Chbel Faiza, Charroute Hicham, Boulouiz Redouane, Hamdaoui Hasna, Mossafa Houssein, Benrahma Houda, Ouldim Karim
National Reference Laboratory Faculty of Medicine Mohammed VI University of Health Sciences (UM6SS) Casablanca Morocco.
Laboratoire de BioGéosciences et Ingénierie de Matériaux Ecole Normale Supérieure Université Hassan II Casablanca Morocco.
Clin Case Rep. 2022 Mar 17;10(3):e05568. doi: 10.1002/ccr3.5568. eCollection 2022 Mar.

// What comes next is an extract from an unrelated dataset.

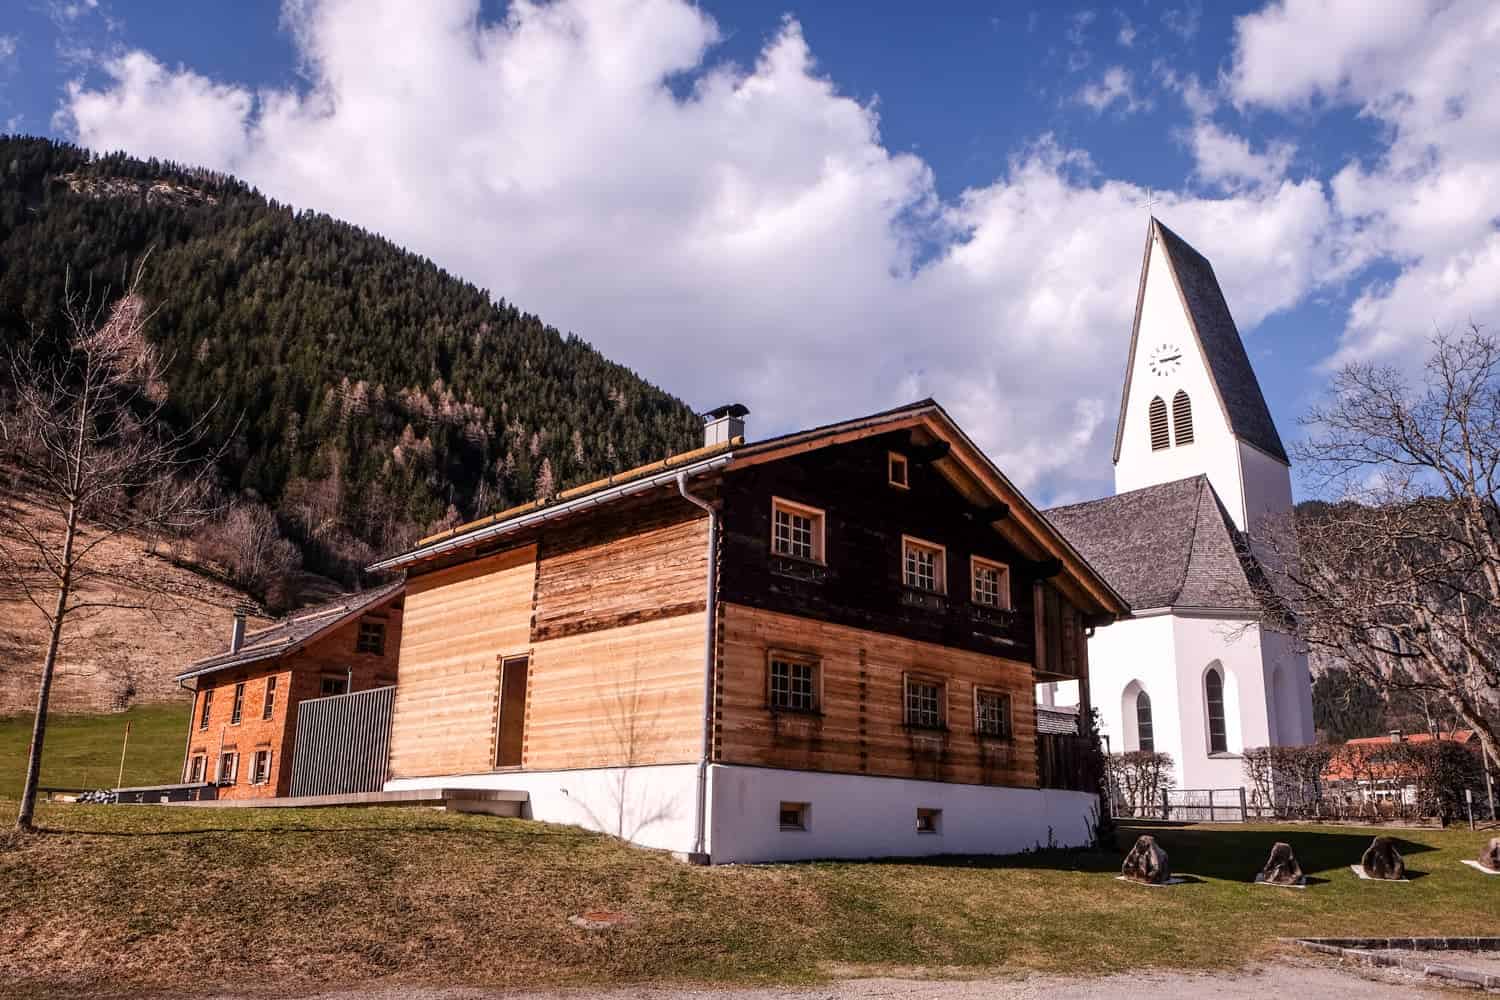 Modern architecture style in Brand village in Vorarlberg, Austria

Myoclonus-dystonia (M-D) is a pleiotropic neuropsychiatric disorder with autosomal dominant mode of inheritance with variable severity and incomplete penetrance. Pathogenic variants in ξ-sarcoglycan gene SGCE are the most frequently known genetic cause of M-D with maternal imprinting, and in most cases, a symptomatic individual inherits the pathogenic variant from his or her father. This work reported a missense mutation c.662G> T inherited in the M-D Moroccan family described for the first time, which is deleterious based on protein modeling analysis.
肌阵挛性肌张力障碍(M-D)是一种多效性神经精神疾病,具有常染色体显性遗传模式,严重程度各异且外显率不完全。ξ-肌聚糖基因SGCE中的致病变异是M-D最常见的已知遗传原因,具有母系印记,在大多数情况下,有症状的个体从其父亲那里继承致病变异。这项研究报道了首次描述的一个M-D摩洛哥家族中遗传的错义突变c.662G>T,基于蛋白质建模分析,该突变具有有害性。